If you use this format in many places, I recommend putting the parsing code into a module. See perldoc perlmod for more info.

Now, please stop using global variables and ignoring good advice. Please start reading the perldoc, read Learning Perl and Perl Best Practices, use strict, use warnings. While I am throwing reading lists around go read Global Variables are Bad and then wander around the wiki to read and learn. I learned more about writing software by reading c2 than I did in school.

If you have questions about how this code works, why it is laid out as it is, what other choices could have been made, speak up and ask. I am willing to help a willing student.

Your English is good, but it is clear you are not a native speaker. I may have used too many complex sentences. If you need parts of this written in simple sentences, I can try to help. I understand that working in a foreign language is very difficult.

daotoad
@daotoad, You posted a great tutorial for me. I am reading and practising. btw, i enjoy learning programming and english at the same time. THANK YOU A LOT.
Nano HE
Hi daotoad, I got some question to move on. `@attribs = $attribs =~ /\s*(\w+\s+=\s+".*?"|\w+\s+=\s+<.*?>)\s*/g;` for the attribute parse, and you commented like this *# we have one long line of mixed key = "value" or key = <TYPE VALUE>*, acturally i must handle another condition **key = value** ,no doublequote signs ("Value"), like vid = 6 above, i tried to modify you code at my local laptop, but failed to improve it.
Nano HE
btw, I tried to insert print the **Type, Value, Attributes Itmes** at the **sub parse_block** successfully.
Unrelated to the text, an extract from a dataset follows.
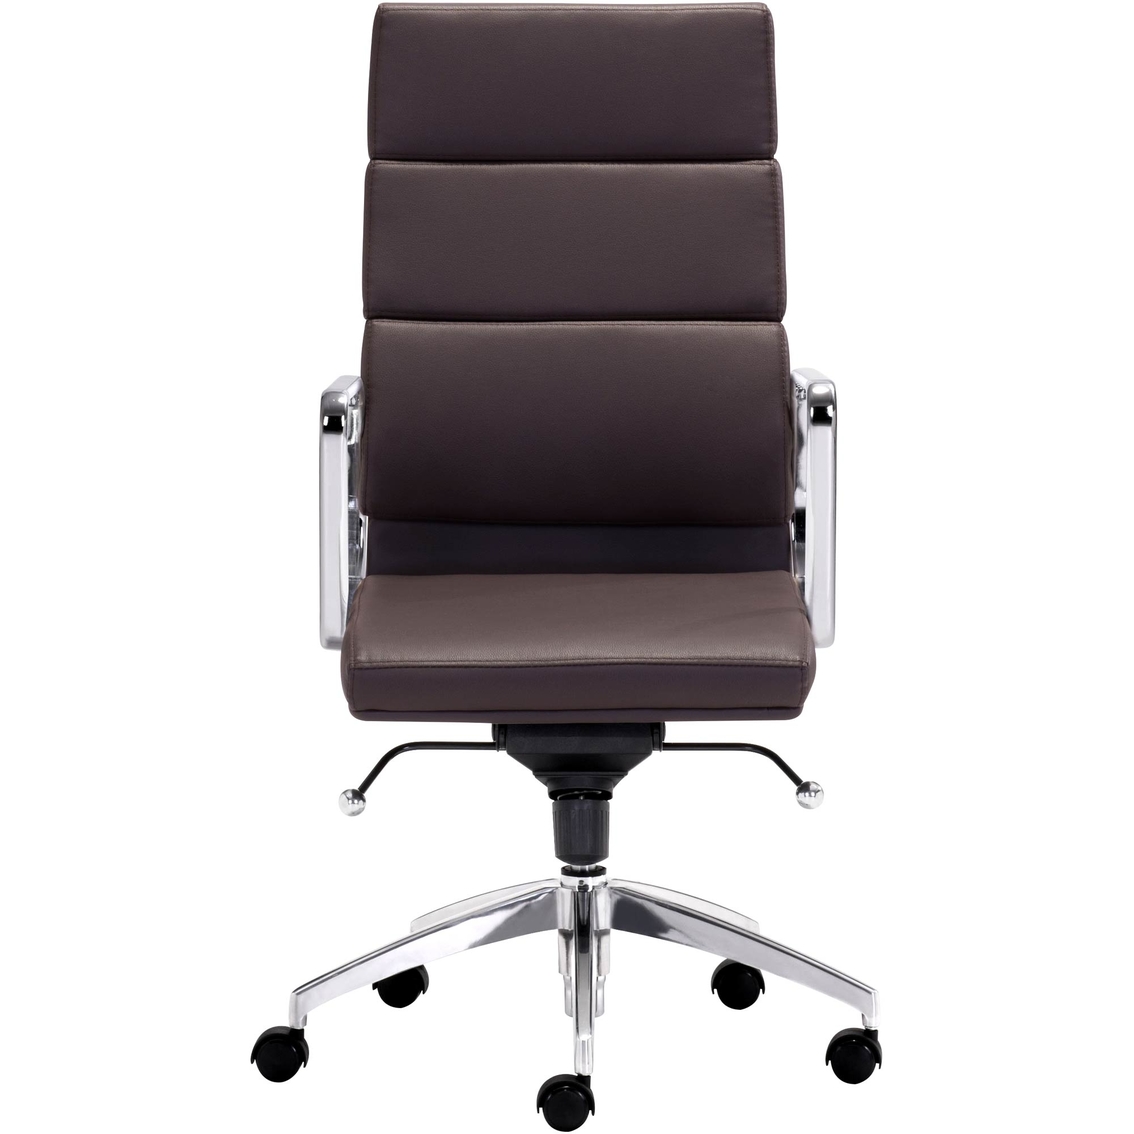 Zuo Modern Engineer High Back Office Chair - Image 2 of 4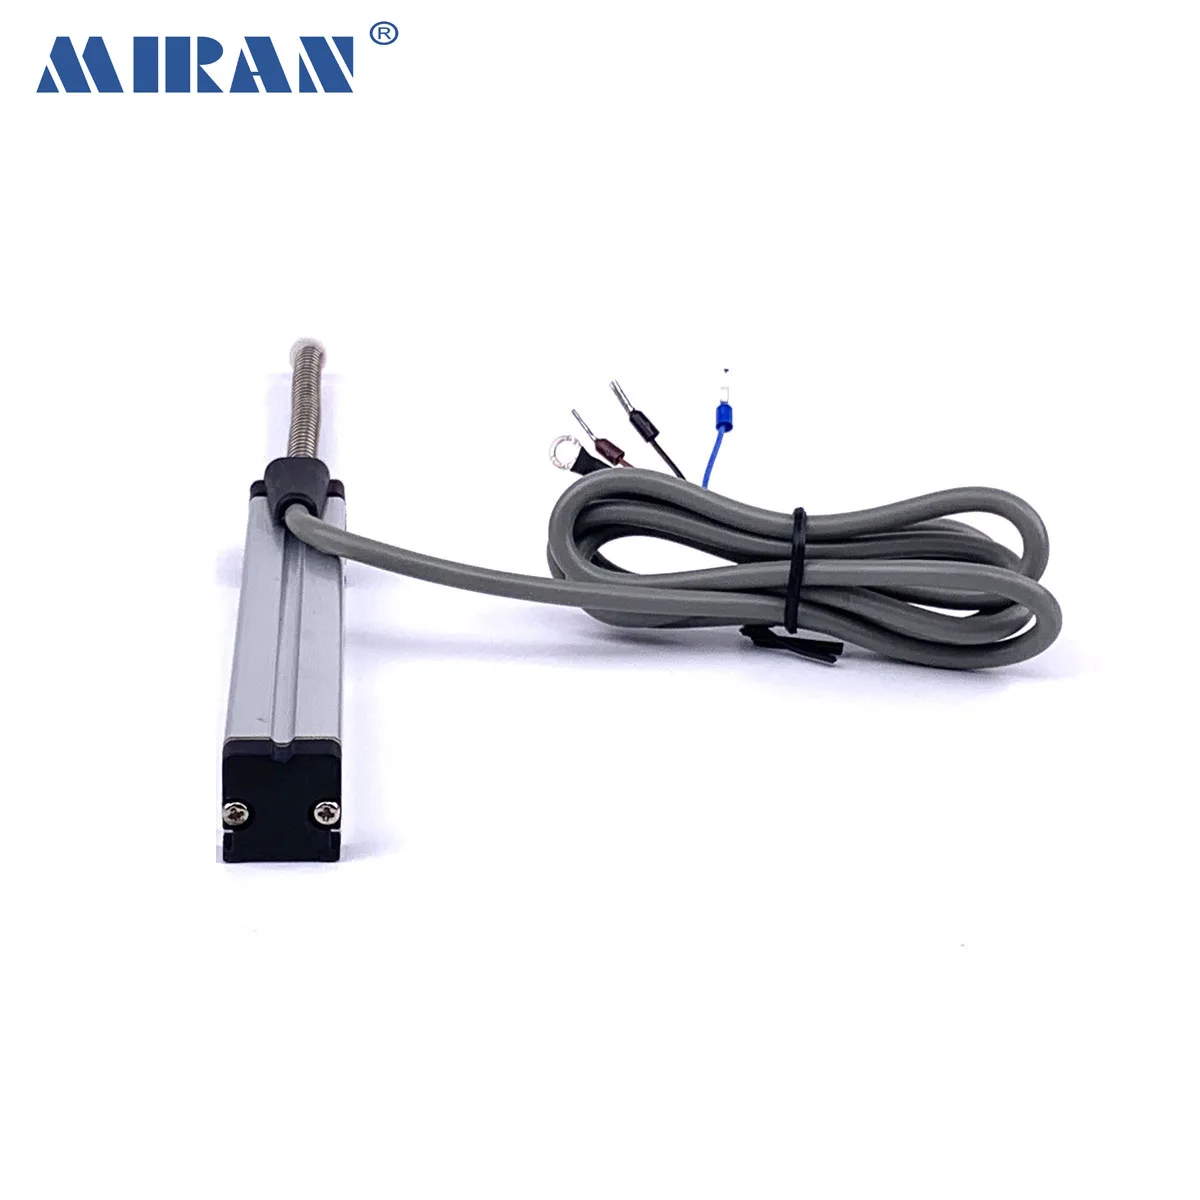 Miran Spring Self-return KTR2 10mm-25mm Displacement Transducer Accuracy 0.0005mm High Precision Linear Position Sensor/Scale enlarge

Is there any good way to print the complex hash **\%spec**? Formated the print result as XML format : *<ECID logicalName="GemAlarmFileName" valueType="A" value="C:\\TMP\\ALARM.LOG" vid="0" name="" units=""></ECID>*
Nano HE
@Nano, I haven't tested it, but you should be able to handle the *key = value* case with a clause like `\w+\s+=\s+\w+\s+`, just add it as another alternate inside the capture.
daotoad
@Nano, in regard to printing the hash, look at its structure by printing it with Data::Dumper. `use Data::Dumper; print Dumper \%spec;`. Then refer to the data structures cookbook in perldoc. There are many examples of accessing data in big structures. http://perldoc.perl.org/perldsc.html perlreftut also has some good things to say about working with complex data structures. http://perldoc.perl.org/perlreftut.html Once you can access the data, you have many options. You can use print statements with interpolation to assemble the XML. You could also use an XML library or a templating system.
daotoad